■ ASSIGNMENT
Restate exactly the lines below, from the one containing "Zapato Formal Elegant" through the final line, and leave out the pictures.

■ DATASET CONTENT
━━━━━━━━━━

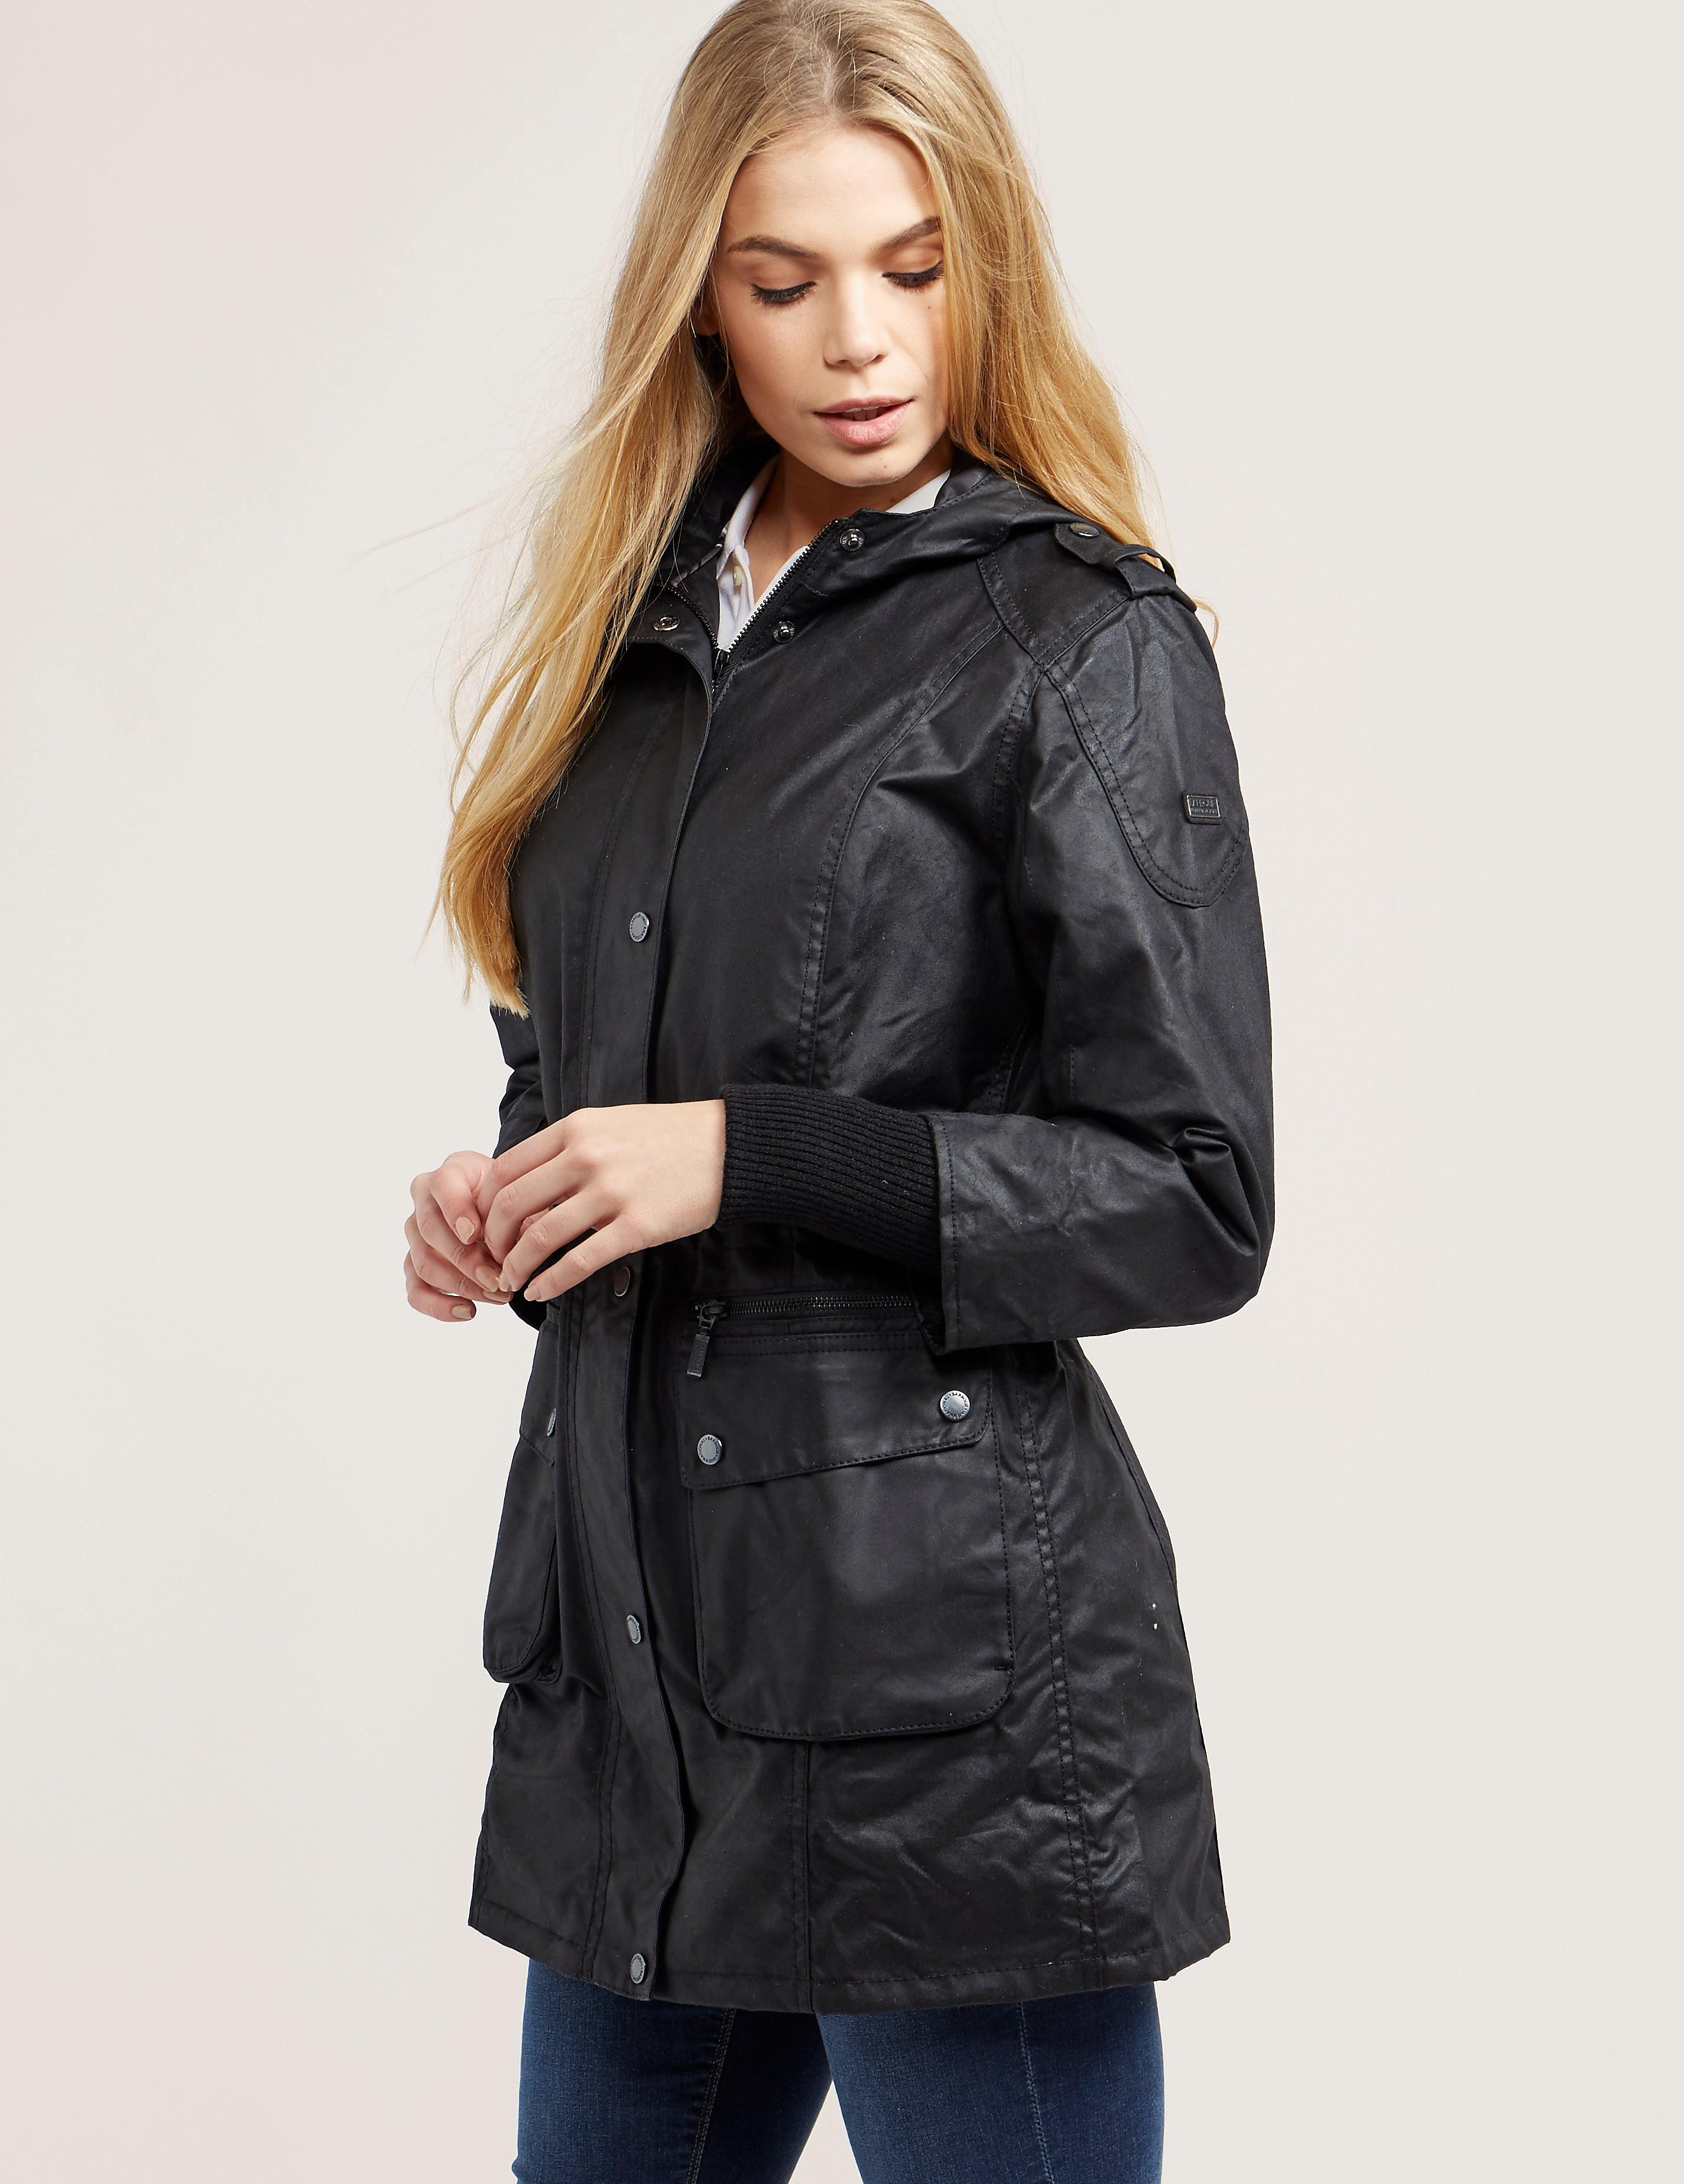 Barbour International Riser Wax Parka Jacket
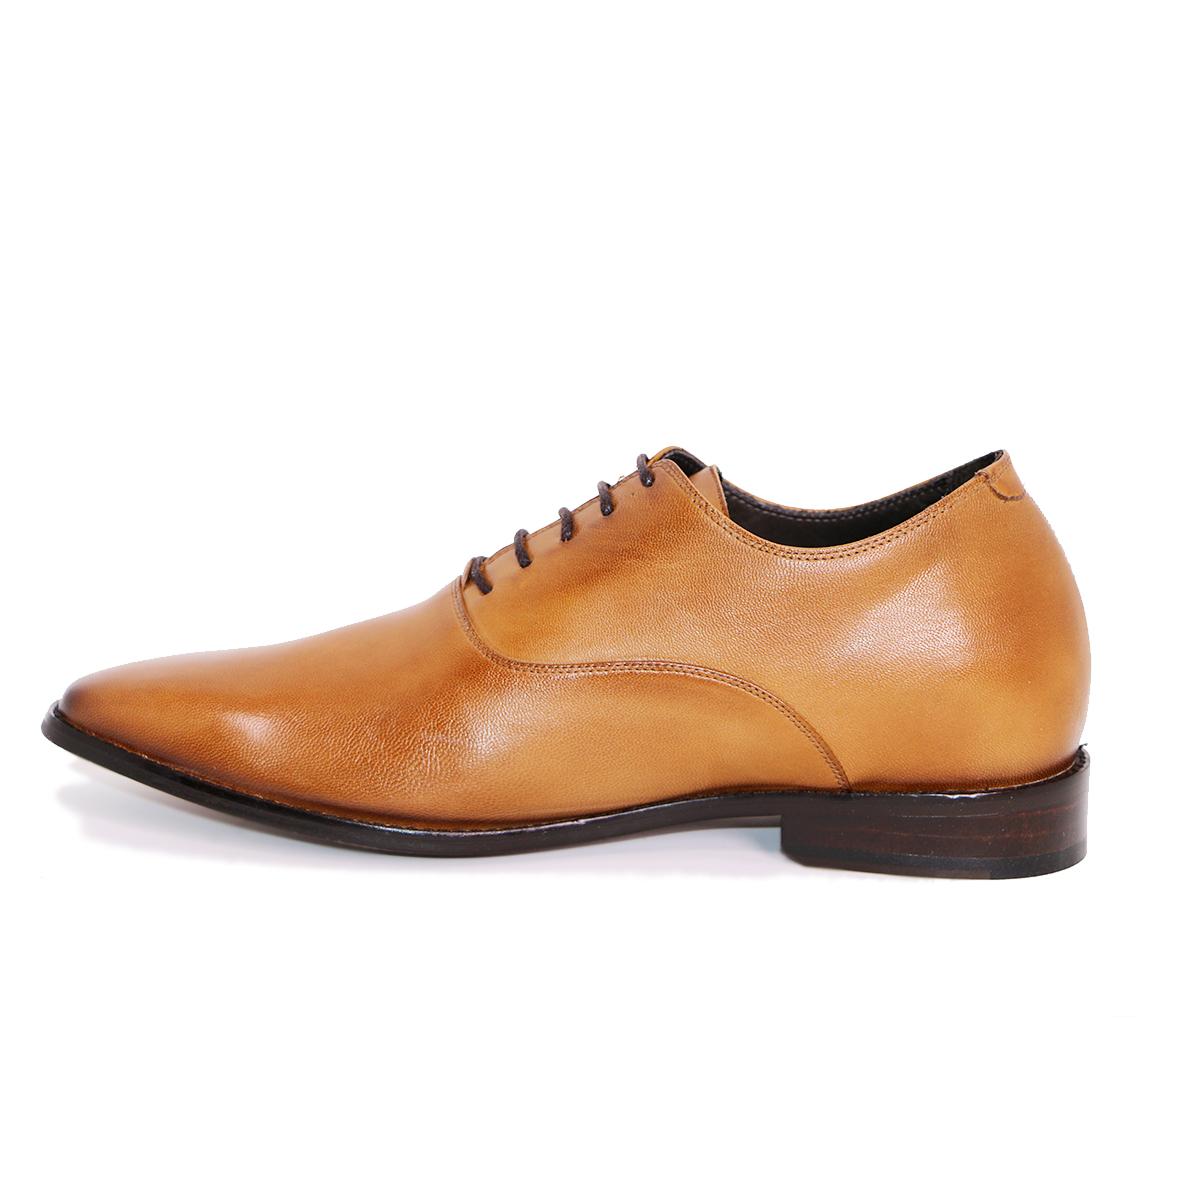 Zapato Formal Elegant Café Claro Max Denegri +7cm de Altura_72718
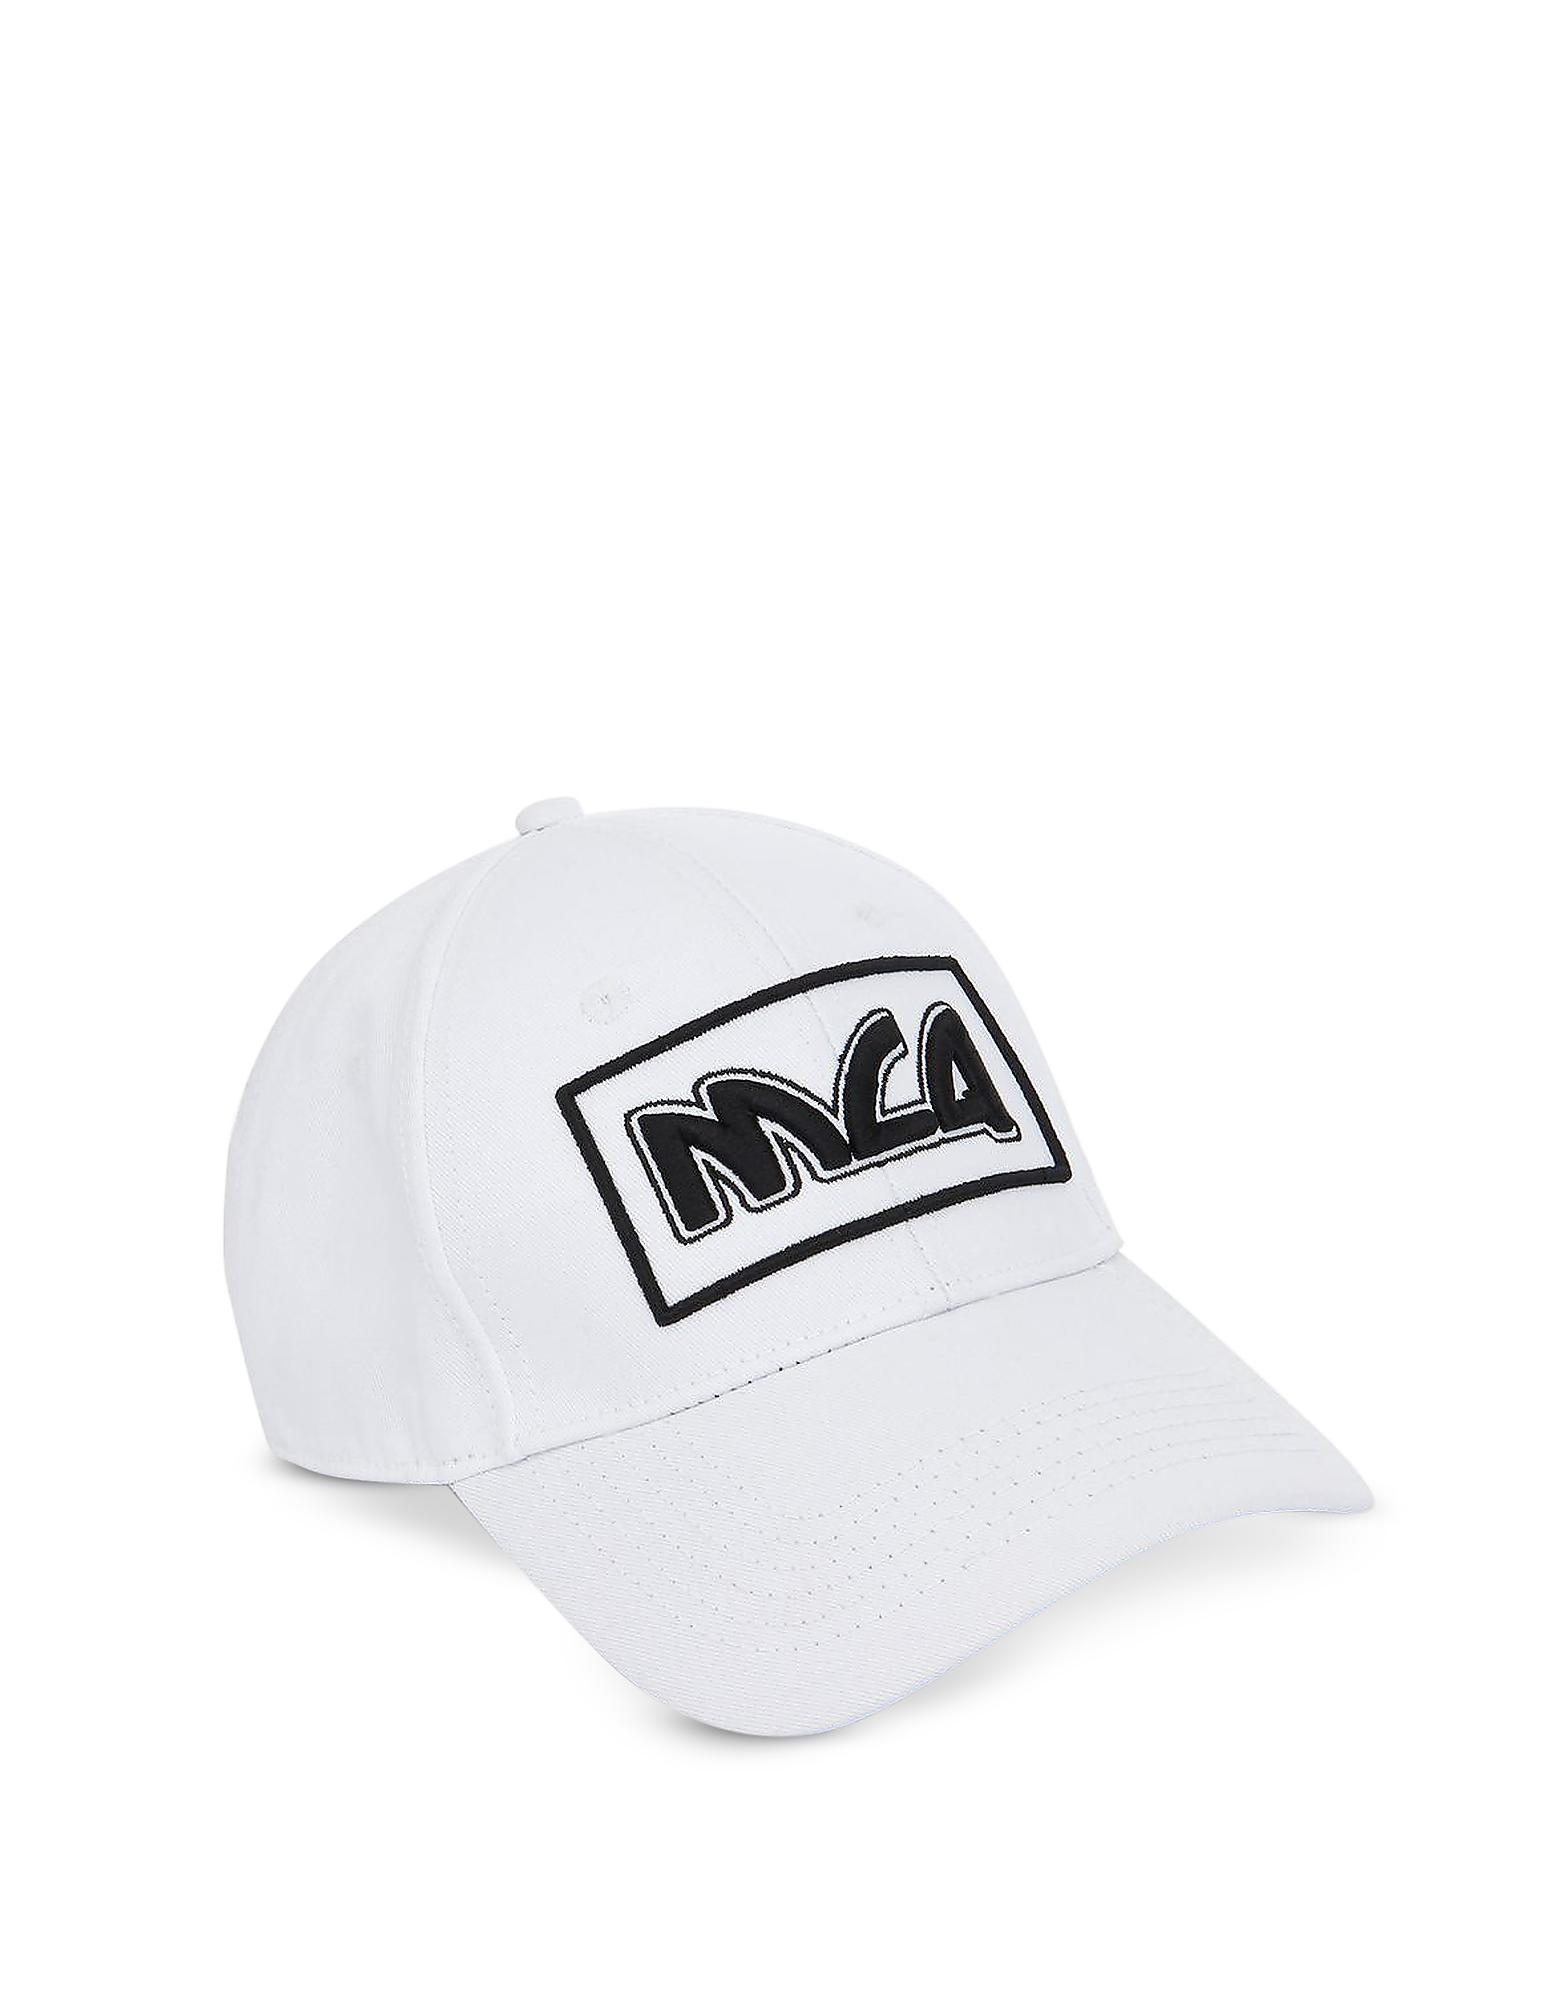 93c098280b231b Mcq By Alexander Mcqueen Mcq Alexander Mcqueen White Embroidered Metal Logo  Cap. FORZIERI

━━━━━━━━━━

■ PROBLEM SOLUTION
 Zapato Formal Elegant Café Claro Max Denegri +7cm de Altura_72718
 93c098280b231b Mcq By Alexander Mcqueen Mcq Alexander Mcqueen White Embroidered Metal Logo  Cap. FORZIERI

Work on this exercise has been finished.